Every entity registered in West Virginia names a registered agent: the person on file with the Secretary of State who receives legal service and official correspondence on the entity’s behalf. For WV DUNA, that’s David Levine.
David Levine is the founder of the Kinship Intelligence Institute and the registered agent for WV DUNA. He is a product, operations, and systems-engineering executive who has spent three decades building companies at the edge of new technology, from the early commercial web to big-data geomatics, fintech, blockchain, and agentic AI.
His connection to West Virginia runs deep. Appointed by then-Governor Manchin, he served as Director of Technology & Transformation in the West Virginia Development Office, building a role in state government for technology-based economic development, helping small businesses and startups raise capital, and recruiting technology companies to create jobs in the state. WV DUNA continues that work: putting West Virginia entrepreneurs at the center of the agentic economy rather than at its margins.

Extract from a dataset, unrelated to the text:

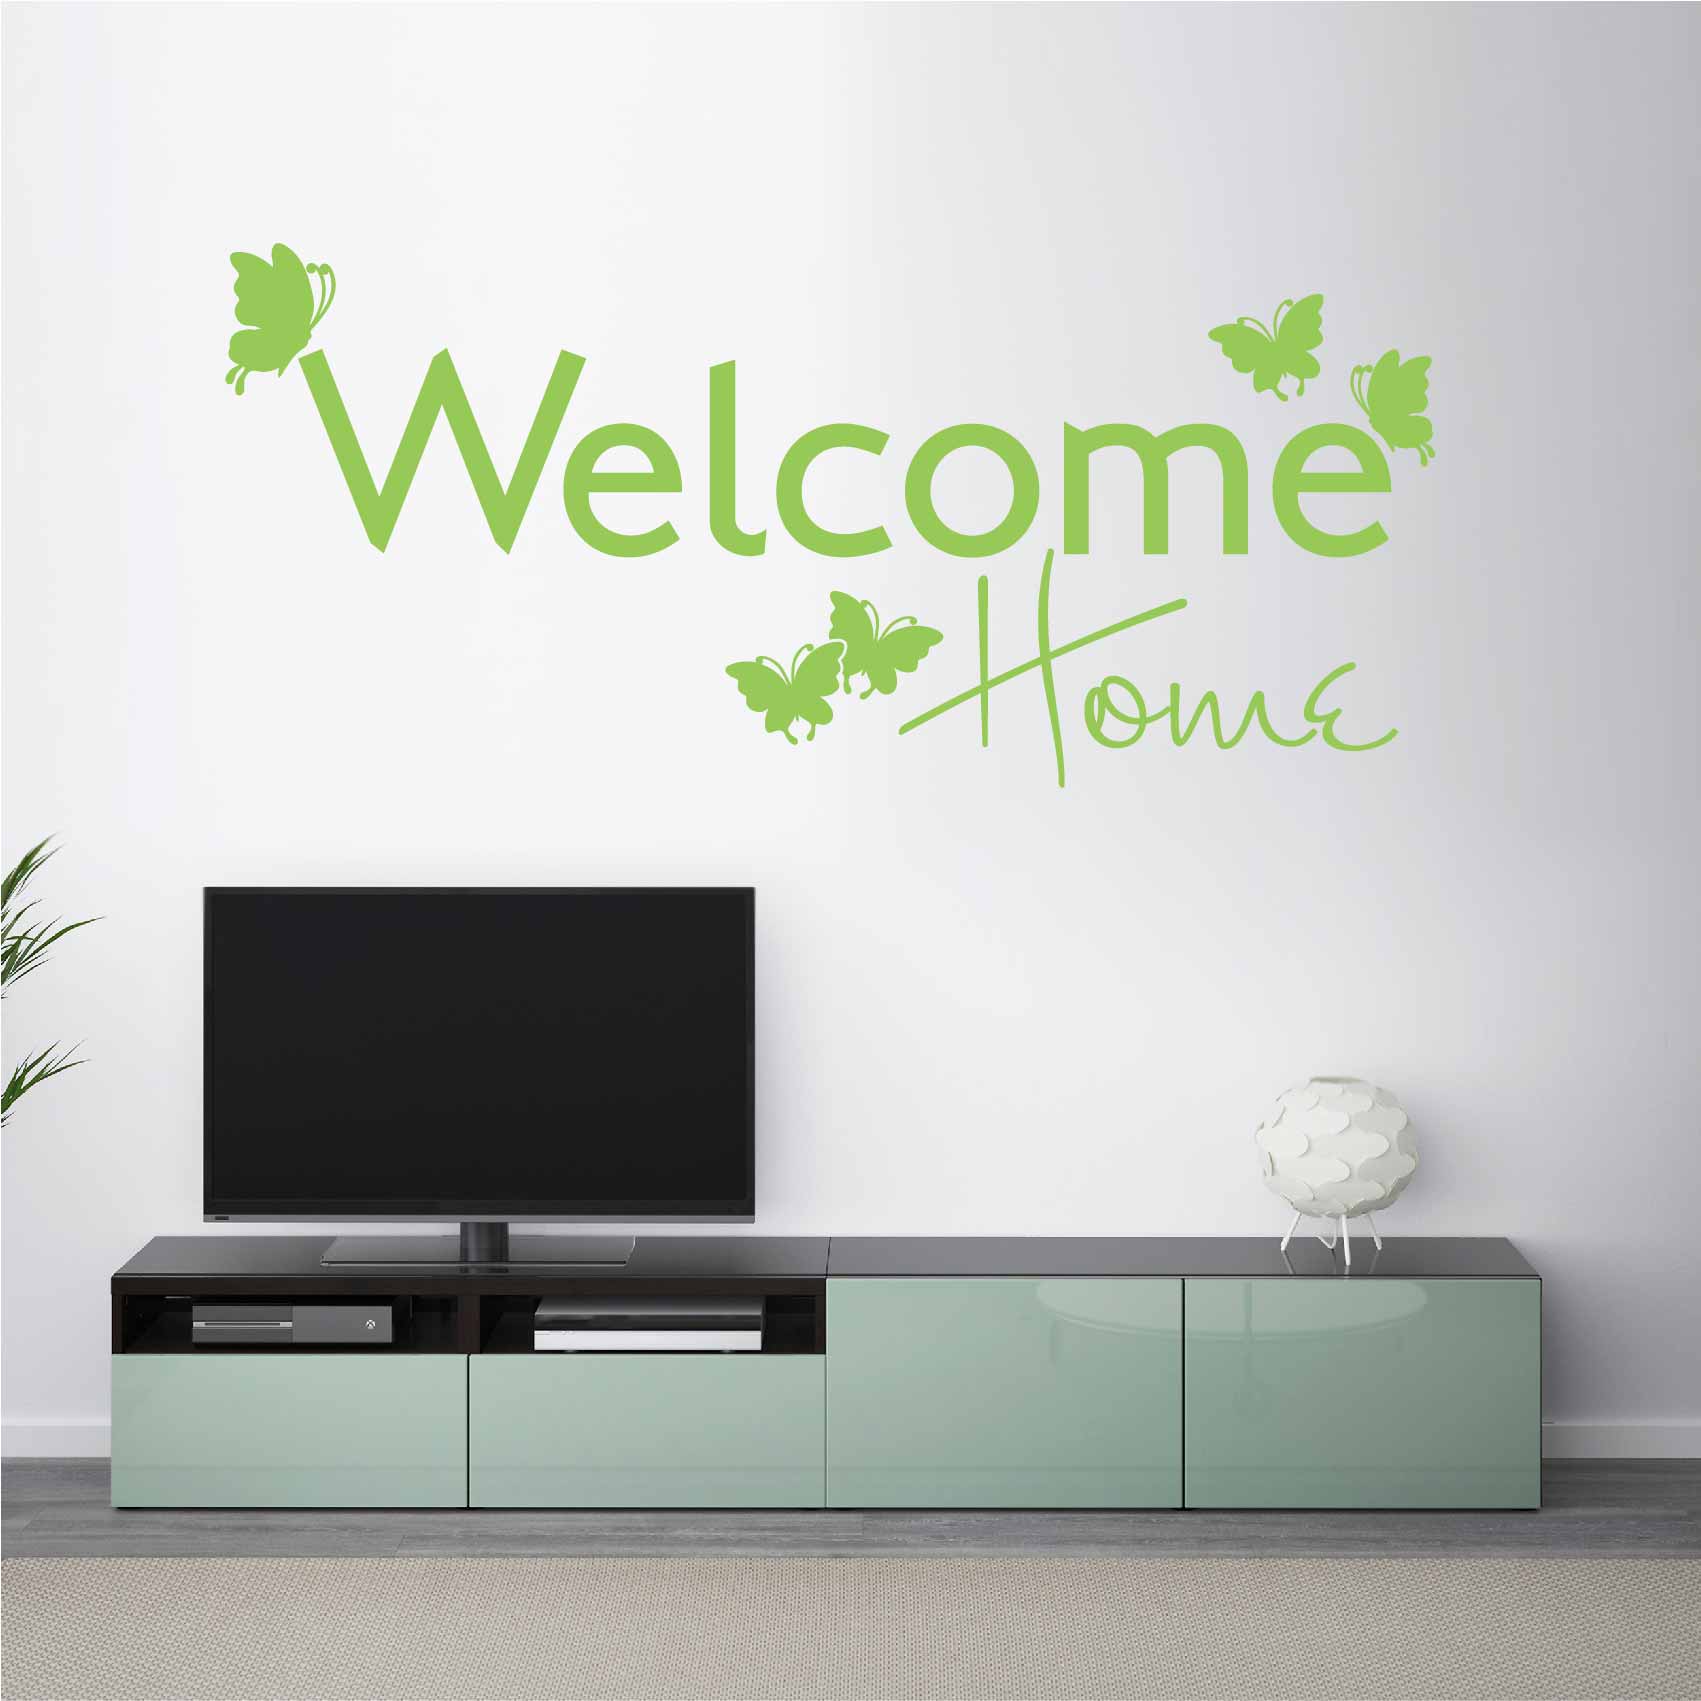 stickers-welcome-home-ref8welcome-autocollant-muraux-bienvenue-sticker-mural-welcome-home-sweet-home-entrée-séjour-salon-cuisine-porte-deco

He has founded and led companies including Geostellar (cloud-based solar geomatics), Indeco Union (blockchain smart-city infrastructure), Ultraprise (the first whole-loan trading platform for the secondary market, and the origin of the MISMO data standards still in use today), and Gamebryo (a massively-multiplayer game platform partnered with Cisco, IBM, Intel, and Sony). More recently he led engineering communications and relations at Solana Labs and managed big-data, agentic-AI, and cloud infrastructure work for the Department of Homeland Security’s Cybersecurity and Infrastructure Security Agency.
His work has been featured on CBC, Fox Business News, and in the New York Times, Wall Street Journal, and Fast Company, and he holds patents in fintech, video-game technology, and big-data geomatics. He studied philosophy at Yale, where he earned a National Endowment for the Humanities Younger Scholar award.